Bobby

Susan Granger’s review of “Bobby” (MGM/Weinstein Company)

On June 4th, 1968, charismatic, 42 year-old Presidential hopeful Senator Robert F. Kennedy was assassinated by Sirhan Sirhan, a 24 year-old Palestinian.
Writer/director/actor Emilio Estevez utilizes Robert Altman’s multi-character narrative technique to imagine a series of disparate vignettes that took place that day at RFK’s campaign headquarters, the Ambassador Hotel in downtown Los Angeles.
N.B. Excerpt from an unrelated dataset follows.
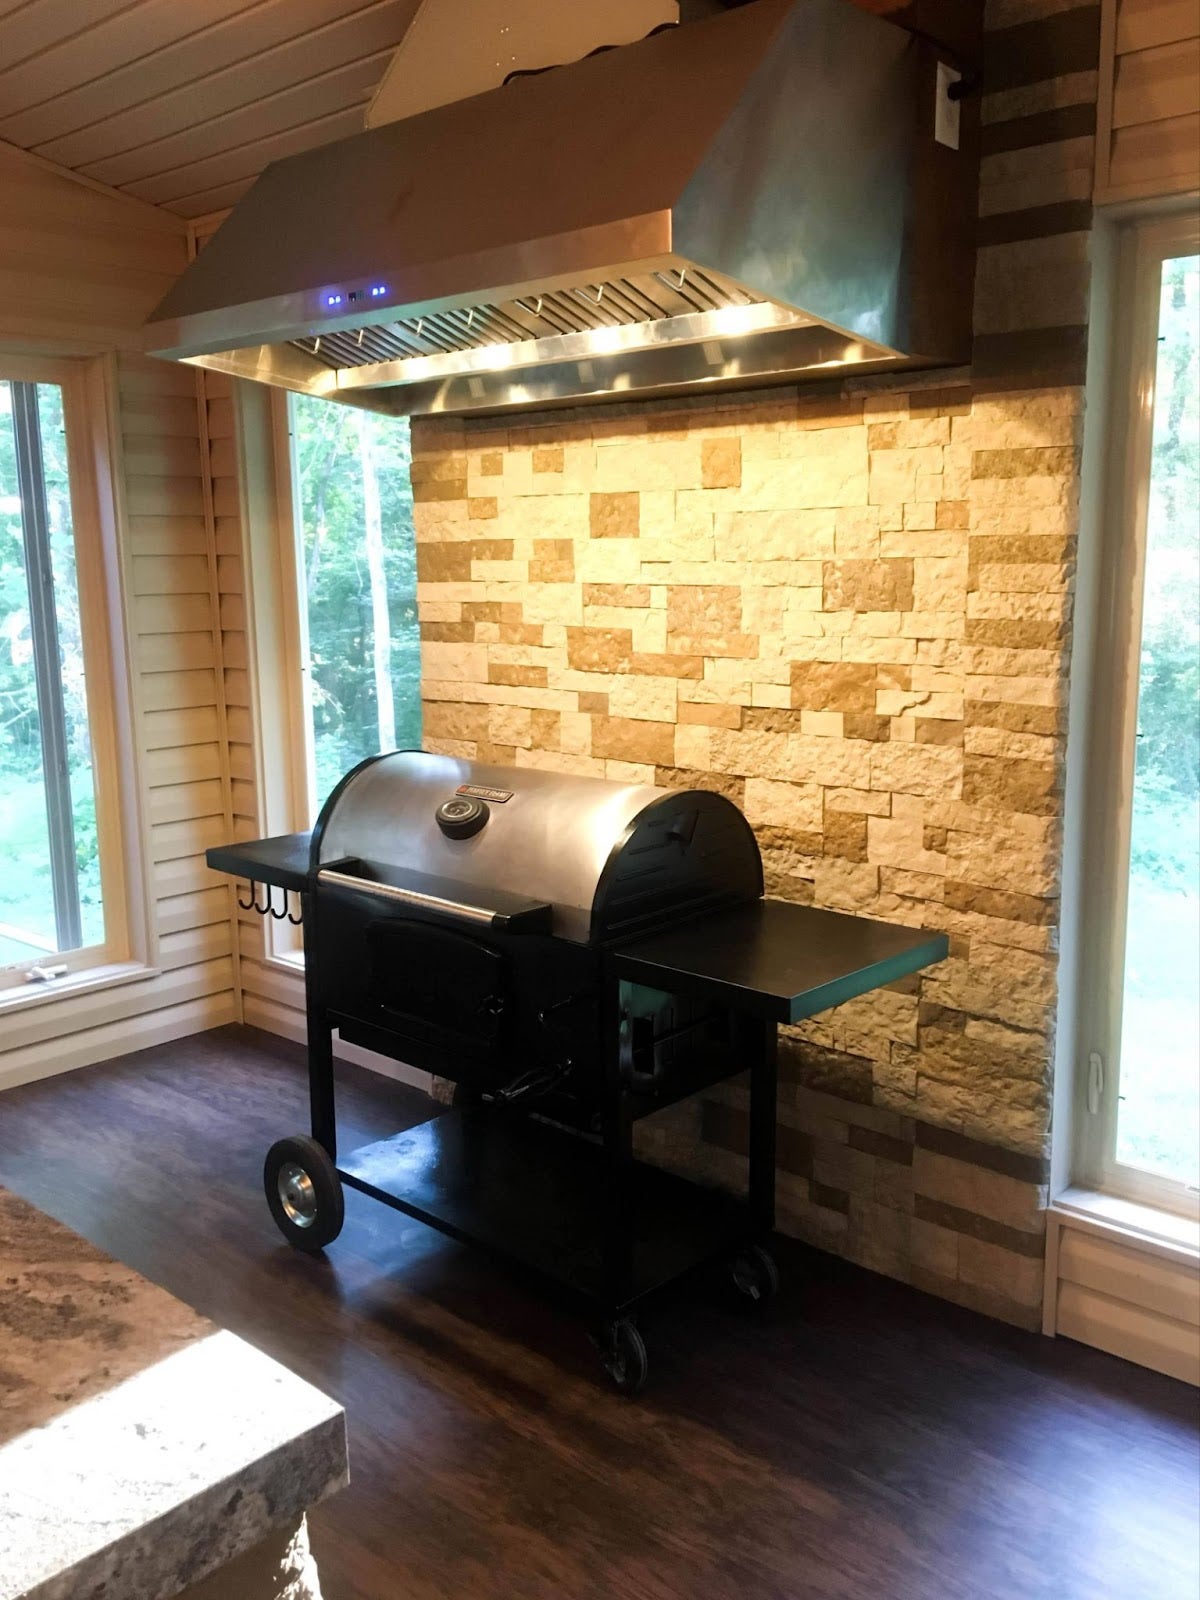 Functional Indoor Grilling Station: Black pellet grill with Proline PLFW 832 range hood in a versatile indoor/outdoor space. Brushed stainless steel hood complements the wood and stone, with task lighting and large windows for a bright ambiance. - Proline Range Hoods - prolinerangehoods.com

The hotel manager (William H. Macy) is cheating on his beautician wife (Sharon Stone) with a switchboard operator (Heather Graham). The former doorman (Anthony Hopkins) hangs out in the lobby with a pal (Harry Belafonte). The nightclub’s drunken diva (Demi Moore) squabbles with her long-suffering husband (Emilio Estevez). A hippie dealer (Ashton Kutcher) trips out on LSD with two Kennedy volunteers (Shia LeBeouf, Brian Geraghty). A Czech reporter (Svetlana Metkina) begs an aide (Joshua Jackson) for an RFK interview. A young bride (Lindsay Lohan) marries a friend (Elijah Wood) so he won’t be sent to Vietnam, while an older couple (Martin Sheen, Helen Hunt) emotionally reconnects.
Under the bigoted kitchen supervisor (Christian Slater), interracial tensions bubble as a Mexican busboy (Freddy Rodriguez), consoled by the chef (Lawrence Fishburne), works a double-shift even though he has tickets for a pivotal Dodgers game.
But these trivial, star-studded “Grand Hotel”-like subplots are not compelling. And the explosive ending – which should unify the episodes – is pedestrian.
Estevez unabashedly idealizes RFK, utilizing flattering newsreel footage to present him in an almost saintly light, thanks to Richard Chew’s editing and Mark Isham’s evocative music. And, in archival tirades against “an unpopular war,” it’s not difficult to substitute ‘Iraq’ for ‘Vietnam’. On the Granger Movie Gauge of 1 to 10, “Bobby” is a fragmented yet poignant 6 – concluding with RFK’s stirring final speech which illuminates the depth of America’s loss that day.